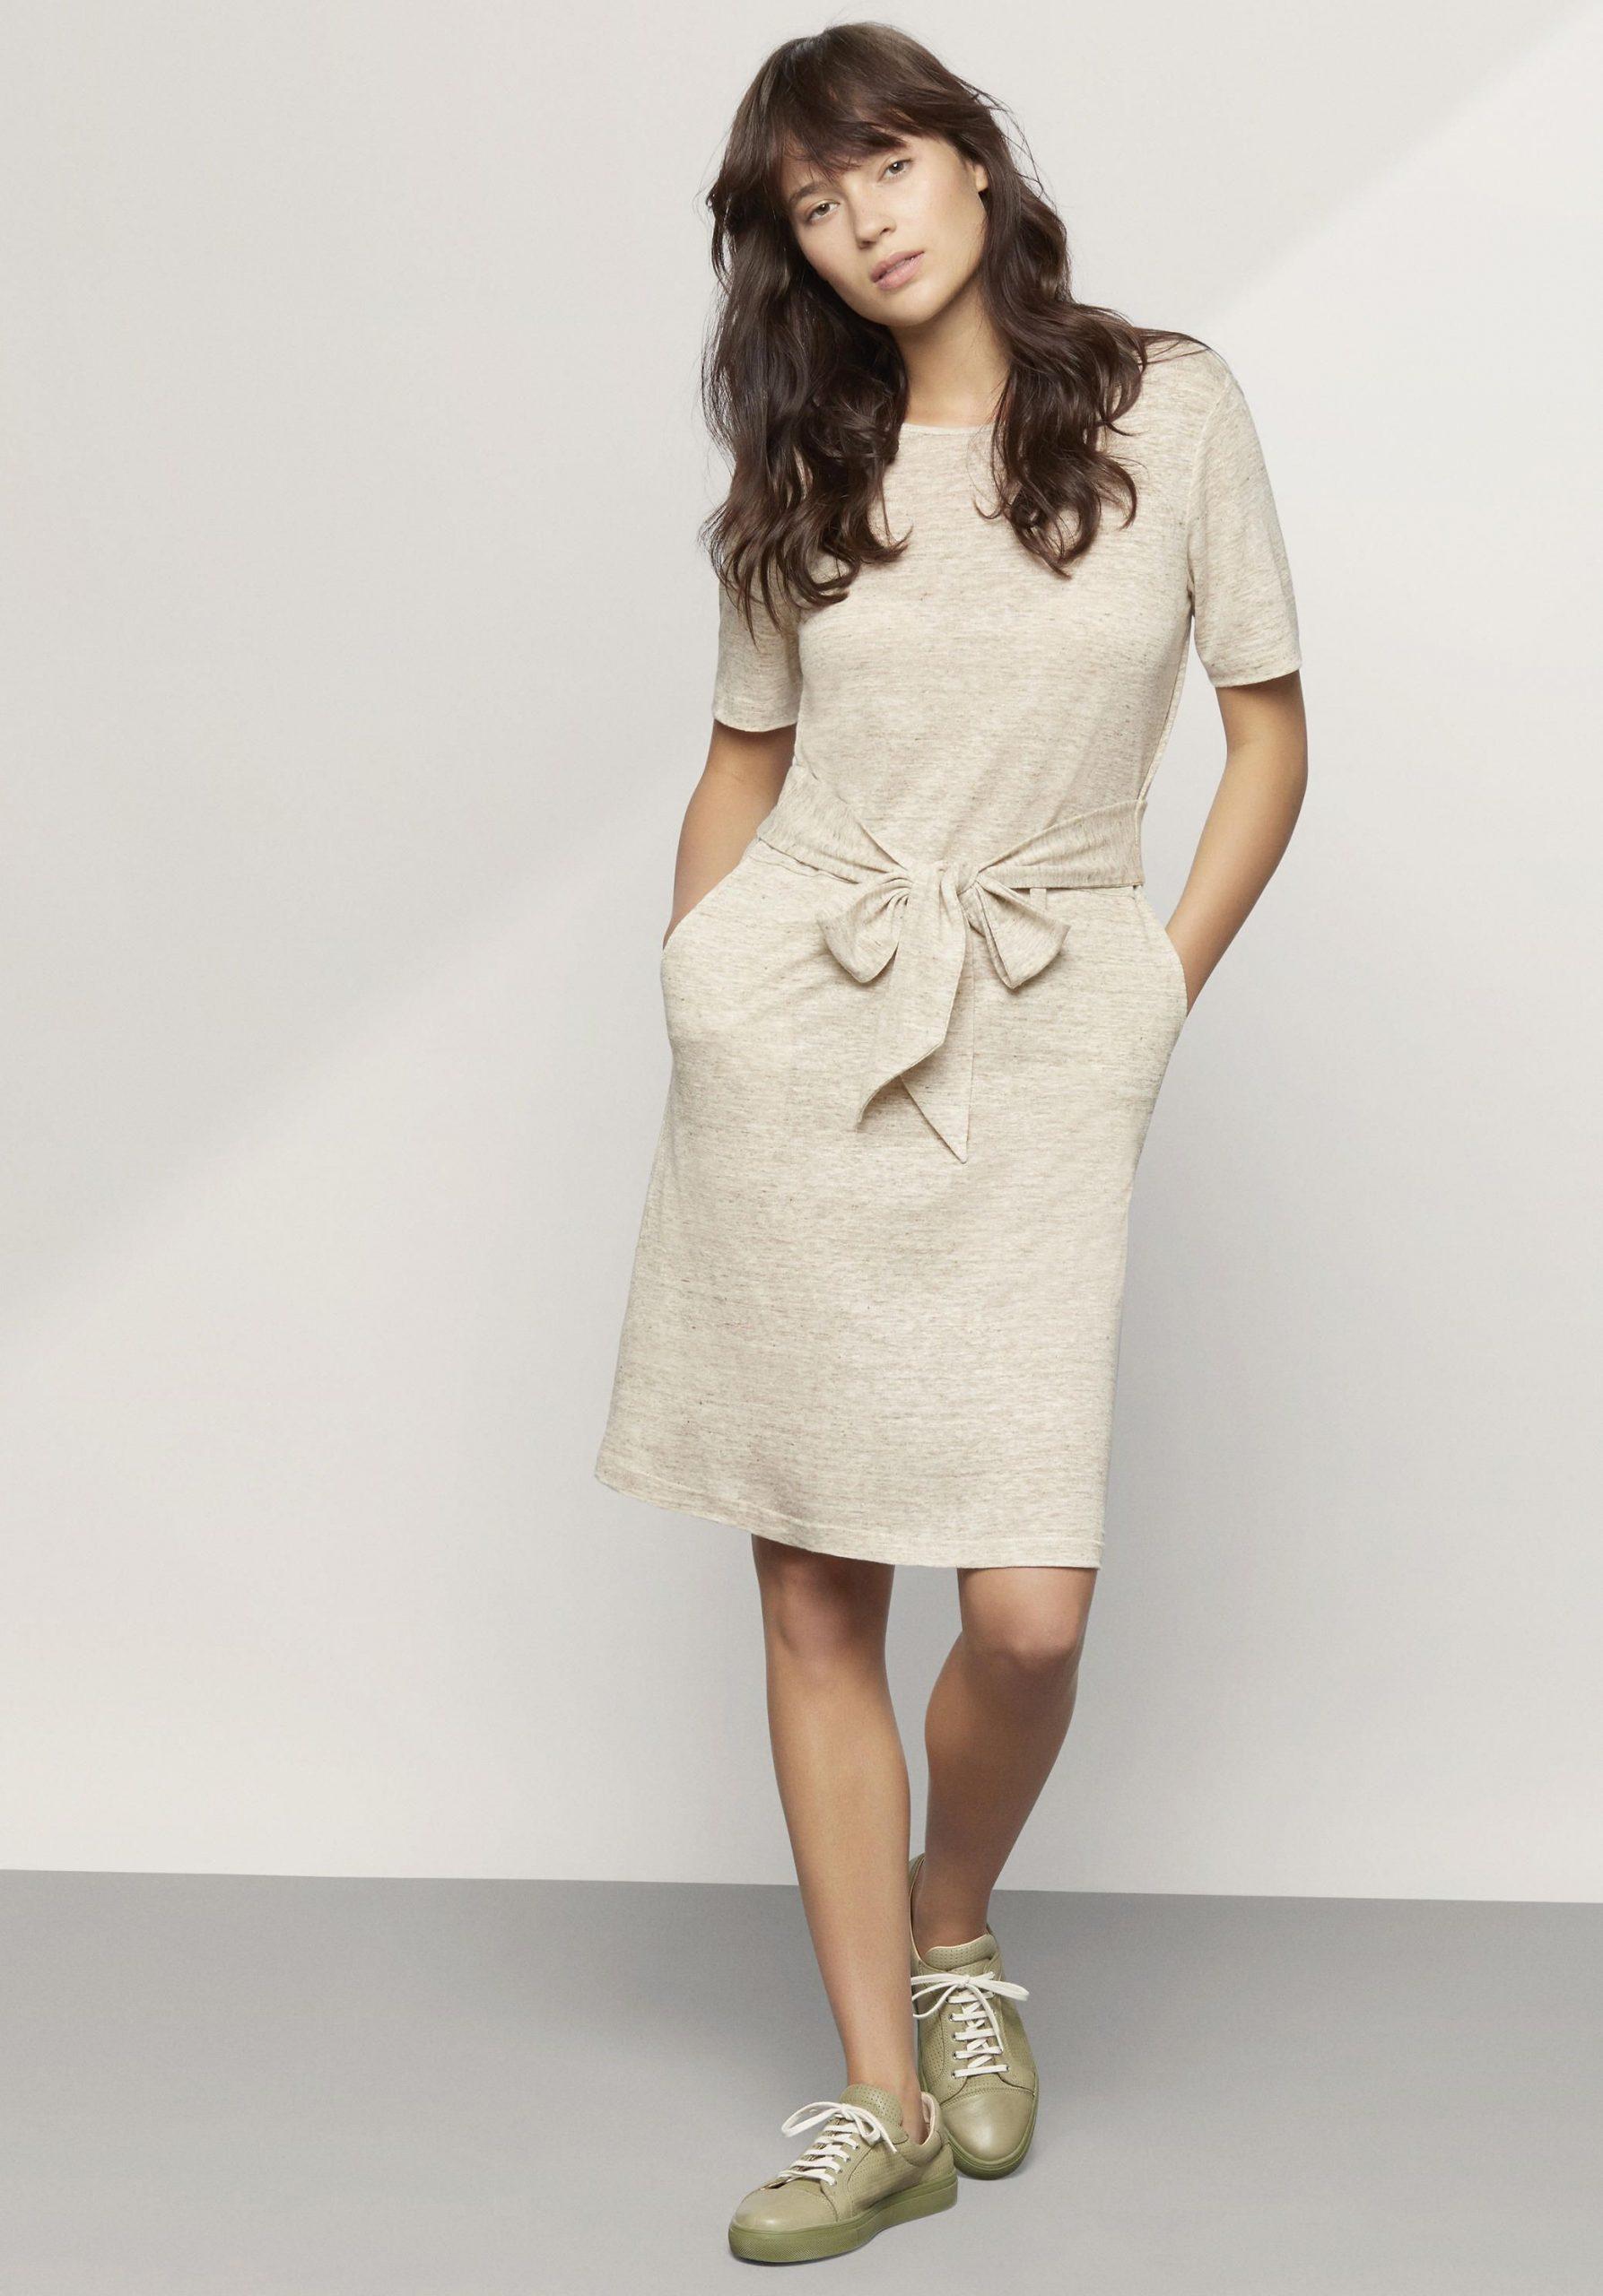 Formal Perfekt Damen Kleider A Form für 2019Designer Top Damen Kleider A Form Stylish
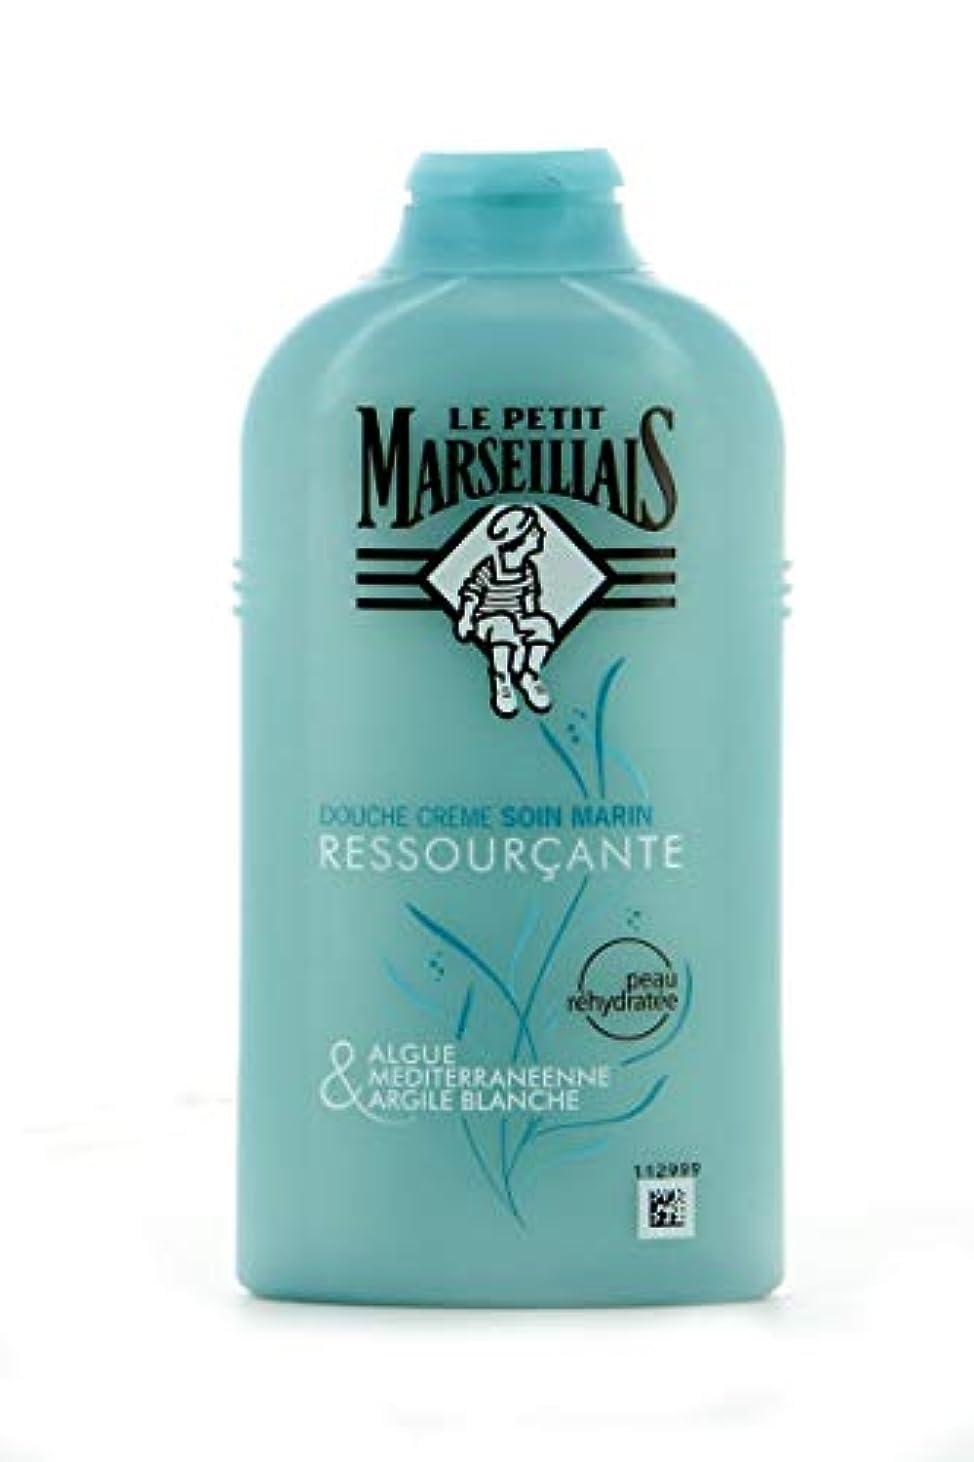 習字ボランティアすべきル?プティ?マルセイユ(Le Petit Marseillais)海藻と地中海ホワイトクレイ シャワー ケアクリーム ボディウォッシュ 250ml
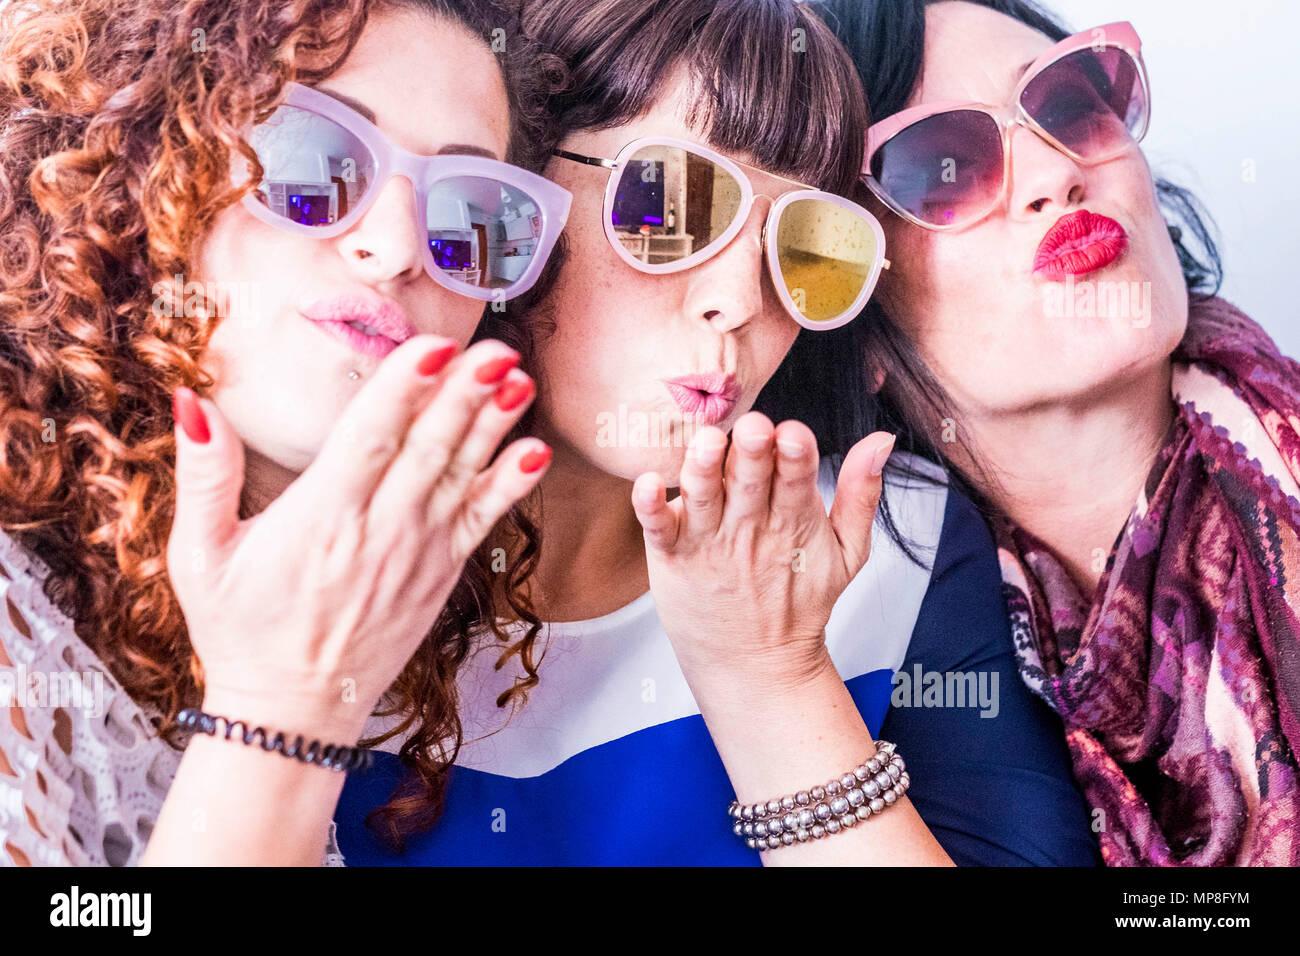 Drei kaukasischen Jungen lustig verrückte Frau tun, eine Partei mit bunten Sonnenbrillen. Senden Kuss und Spaß zusammen, die in einer echten Freundschaft. Gruppe Menschen ein Stockfoto
****************************************
- [Assignment] Could you print the whole listing again, exactly, leaving the pictures out?

- [Finished exercise]
 Formal Perfekt Damen Kleider A Form für 2019Designer Top Damen Kleider A Form Stylish
 習字ボランティアすべきル?プティ?マルセイユ(Le Petit Marseillais)海藻と地中海ホワイトクレイ シャワー ケアクリーム ボディウォッシュ 250ml
 Drei kaukasischen Jungen lustig verrückte Frau tun, eine Partei mit bunten Sonnenbrillen. Senden Kuss und Spaß zusammen, die in einer echten Freundschaft. Gruppe Menschen ein Stockfoto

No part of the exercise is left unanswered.